Data is no longer just numbers. Data today refers to images, music files, videos, and more. This increases the burden of processing and preparation of data before it can be analyzed.
Data is large, data is dispersed, and data is multi-format—and yet, the majority of our daily business still takes place on spreadsheets. Because spreadsheets are generally easy to learn, do the job well, and have a healthy support system (generally typing in “How to…<do something> …in Excel” on Google will solve any problem). Which brings me to my next point.
Spreadsheets are not going away.
Google Sheets and MSExcel are not going away. I will go a step farther and say new spreadsheet software will not easily replace GSheets and Excel either. I predict that existing spreadsheets will become more intelligent to handle the three complications above—whether Google and Microsoft intend for it to happen or not.
Data processing will be automated.
Data cleaning and preprocessing is a painful reality of working with spreadsheets. It is ridiculous that in 2019, we still have analysts spending most of their time downloading CSVs and fixing data and formatting. Machine learning is on its way to solving this problem and, although it isn’t there yet, we can expect a comprehensive solution coming through in the 2020s.
Some spreadsheet analysis will move to the Cloud.
As data sets get larger, it will be increasingly difficult to run massive calculations on your local machine. This will open up the market for more services that just make things faster.

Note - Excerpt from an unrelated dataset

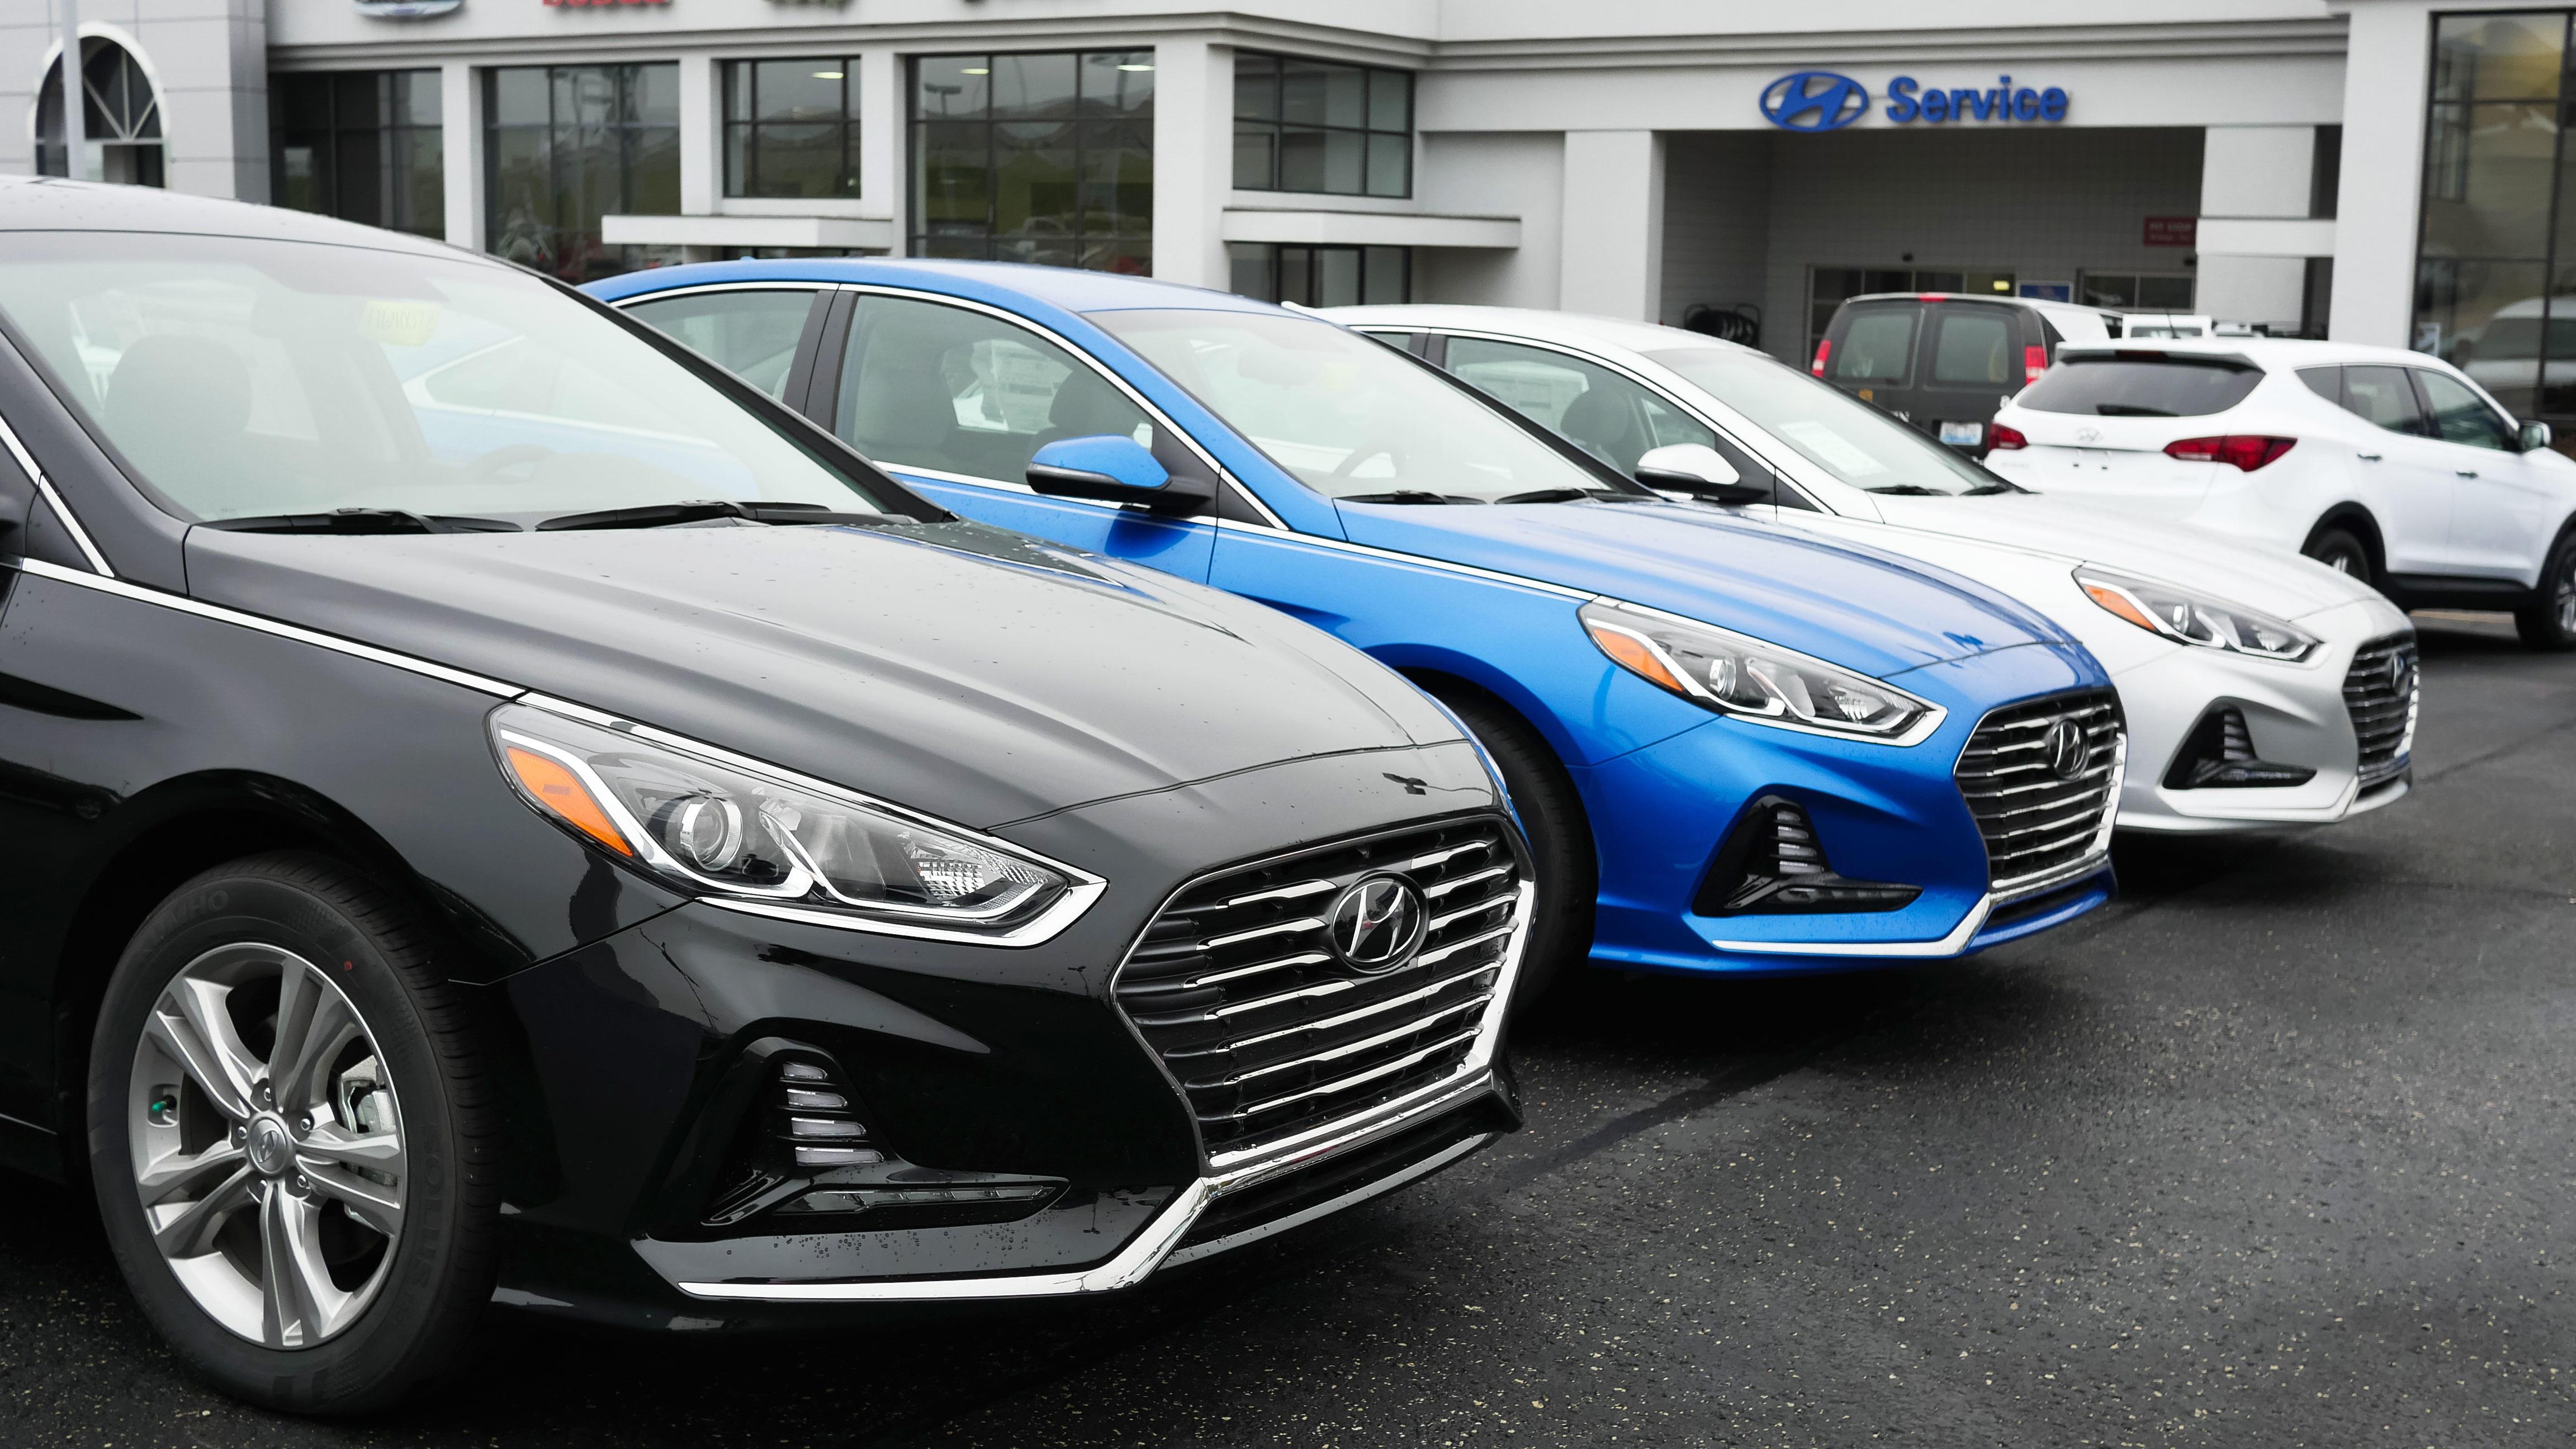 Bachman Hyundai image 6

Something like Suhail Doshi’s MightyApp for faster Chrome.
Spreadsheets will be increasingly used for prediction, not just decision-making.
There is no way around this—decision-making is no longer prerogative of highly-paid business(wo)men in suits. Most decisions happen thousands of times in the background today: what product to show to a customer, which order to ship out first, which stock to buy, and which currency to hedge against. You can’t possibly use external software for every decision you make. Some spreadsheet-adjacent services, such as BigML are already trying to make prediction power accessible to spreadsheets.